When I caught him he tried to flew away but he couldn't - seems like he lost a sense of direction.

I put him/her in a box with an open top. Gave him seeds from vet shop, some water and left him alone. He ate a bit. Now he flew on the corner of the box and just standing (perching) there and looking around. He seems to be much more livid than before. He is not afraid of me at all I can come as close as 1 meter and he doesn't run away or nothing. I keep it at home (in the kitchen) as I have a very small flat and haven't got space anywhere else. There is quite warm in the kitchen about 20C and it is the quietest place in a flat. 

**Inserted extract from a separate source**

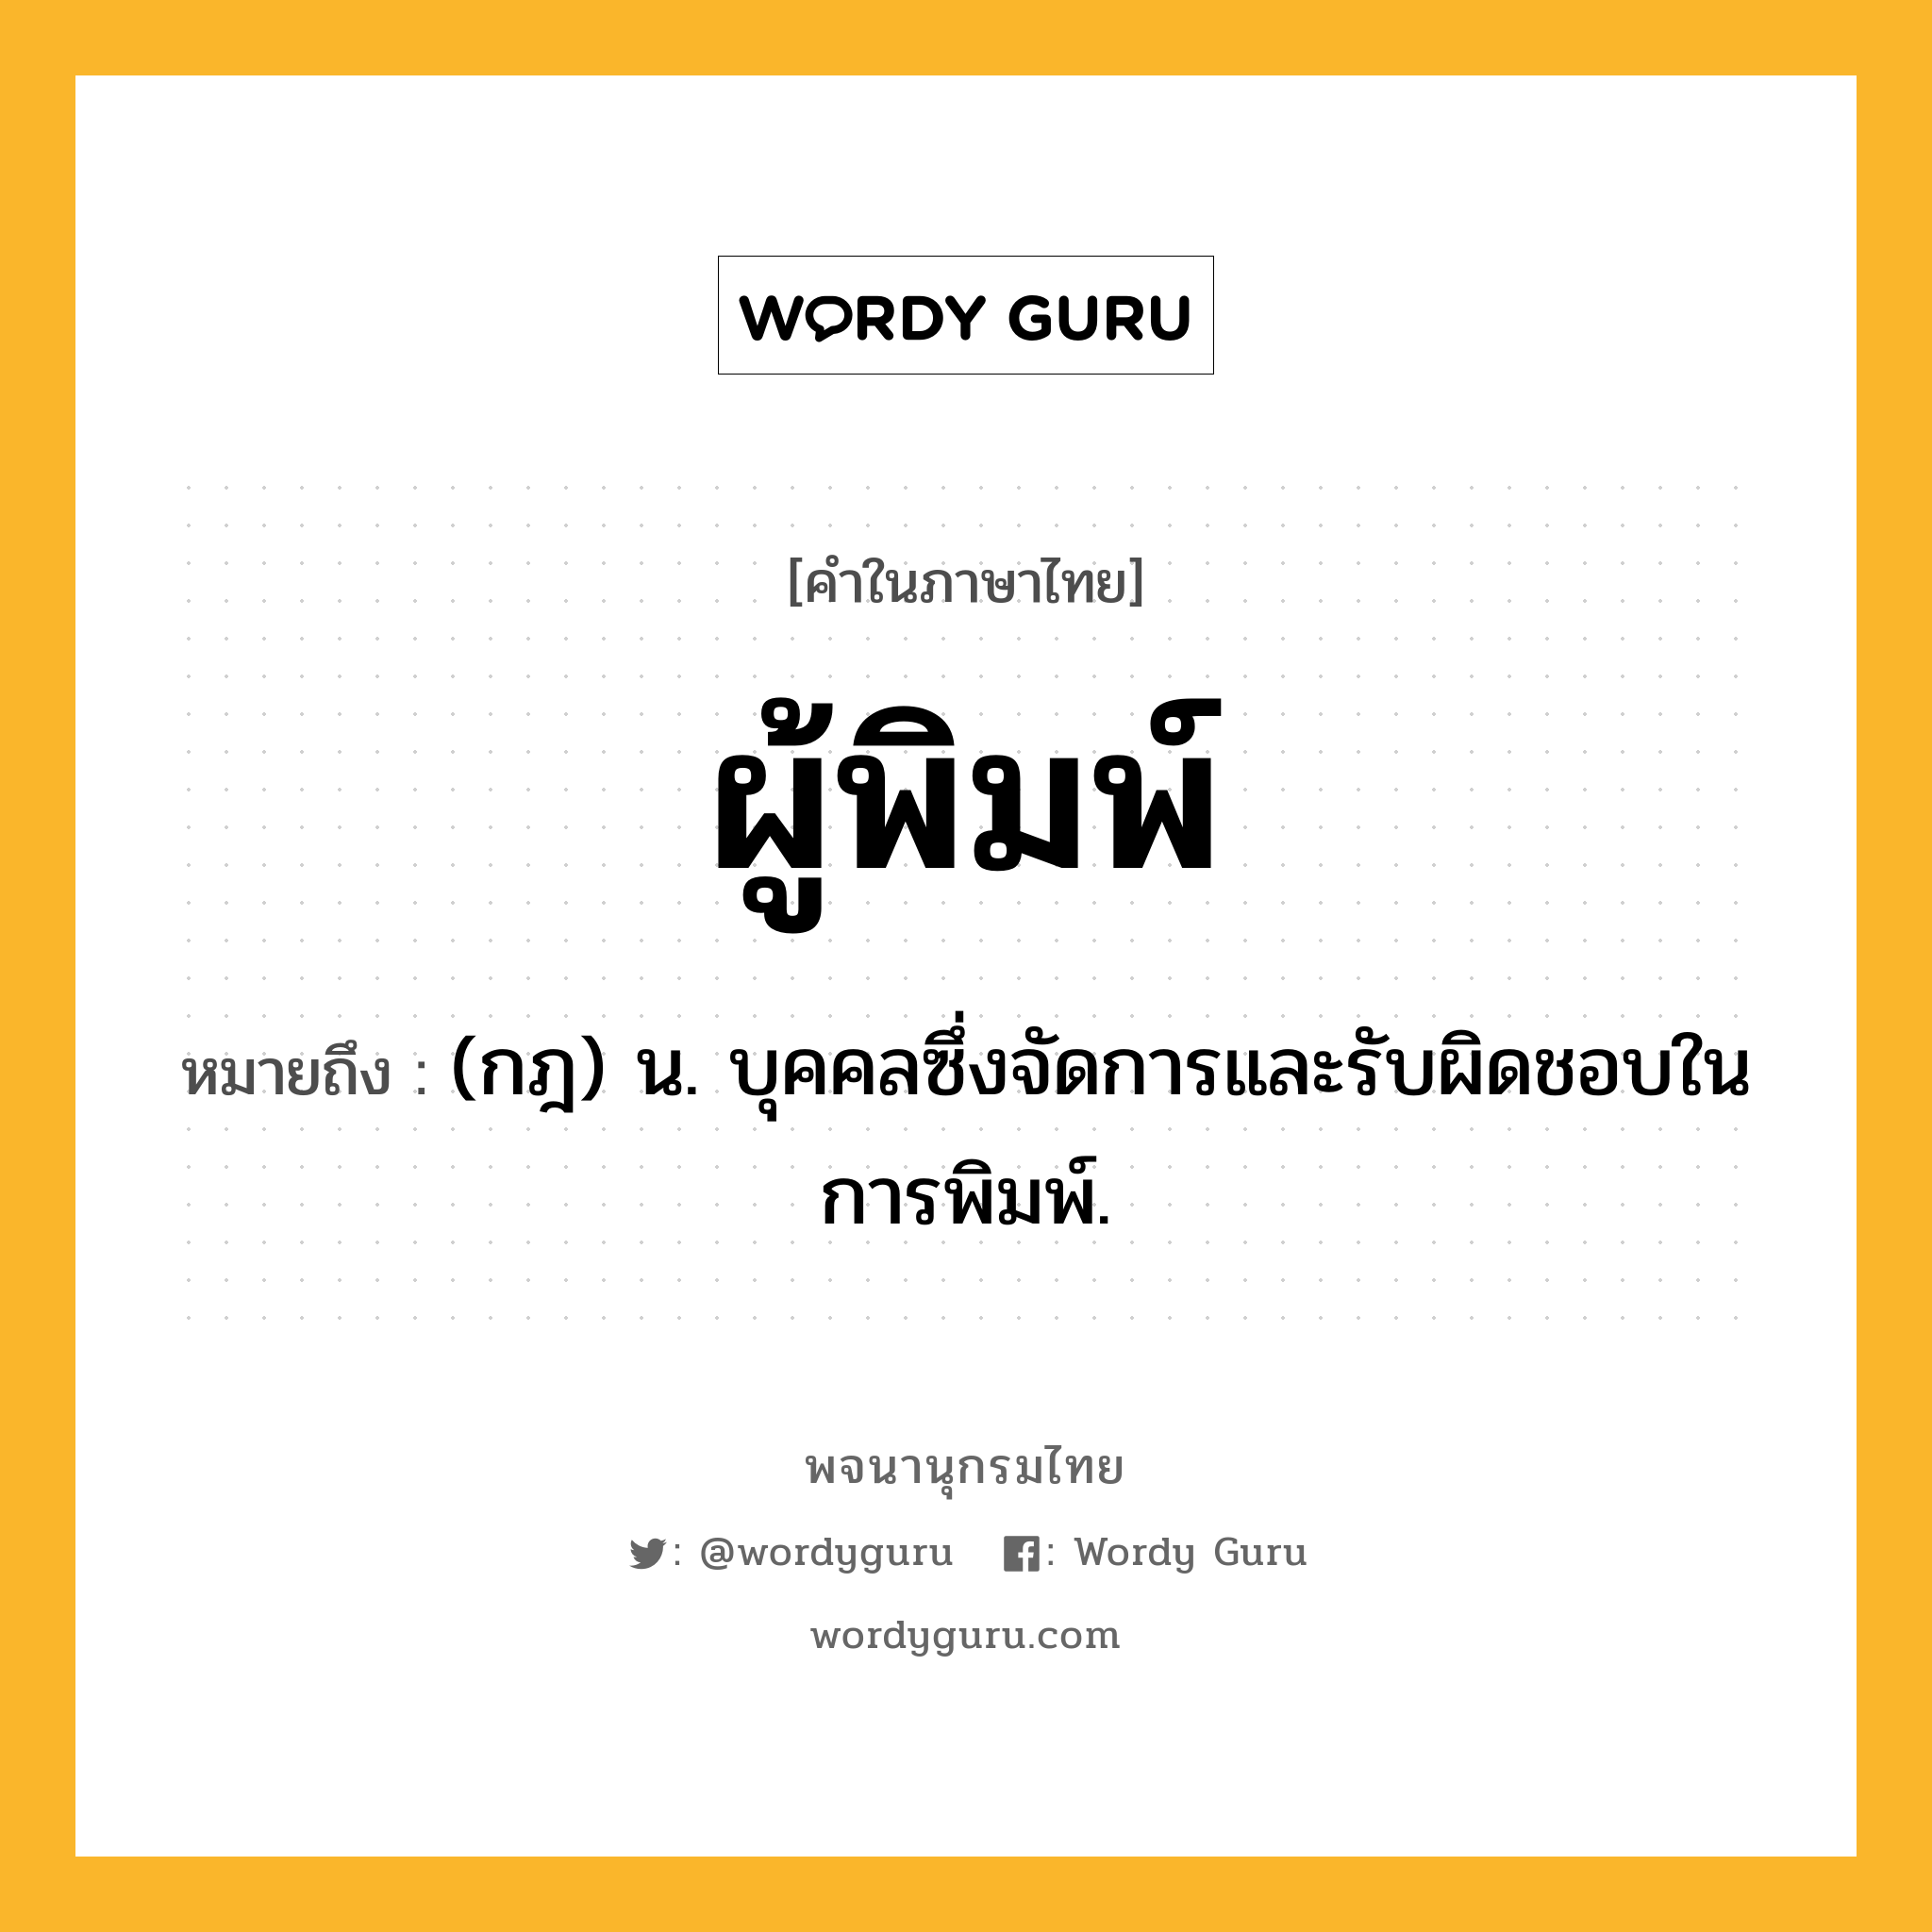 ผู้พิมพ์ ความหมาย หมายถึงอะไร?, คำในภาษาไทย ผู้พิมพ์ หมายถึง (กฎ) น. บุคคลซึ่งจัดการและรับผิดชอบในการพิมพ์.

He hasn't got anything broken or physical injury - I check it as much as I could.

Now as the situation settled I found a bit bigger box - the one which I could cover a top but I did not want to transport him to cause any more stress.

What else should/can I do? How do I know whether he is really "sick" or just shocked? 

Any advices most welcome!


----------



## John_D (Jan 24, 2002)

If one can catch a pigeon without too much hassle, then it most likely

* is pretty human-tame, or
* is injured or ill, or
* is not quite old enough to fly well

If you can post a clear picture of him, that could help. 

*Q: *Is it a wood pigeon or feral (street) pigeon? Any ID ring on its leg?

Keeping him in a box is good, and if you have some kitchen roll you can line the bottom with, then his droppings can be checked. They can sometimes give an idea of what's going on.

Can you check inside his beak to see if it's pink and clear in his mouth - no yellow stuff. Also listen as closely as you can to tell if his breathing is laboured or noisy (clicking sounds or wheezes).

Otherwise, for now, keep him warm and secured and let him continue to settle.


----------



## amyable (Jul 7, 2007)

Hi, thanks for taking this pigeon in. It's obviously not right or you wouldn't have been able to catch it that easily unless of course it's tame.
Has it got any bands on it's legs that would indicate it's got an owner?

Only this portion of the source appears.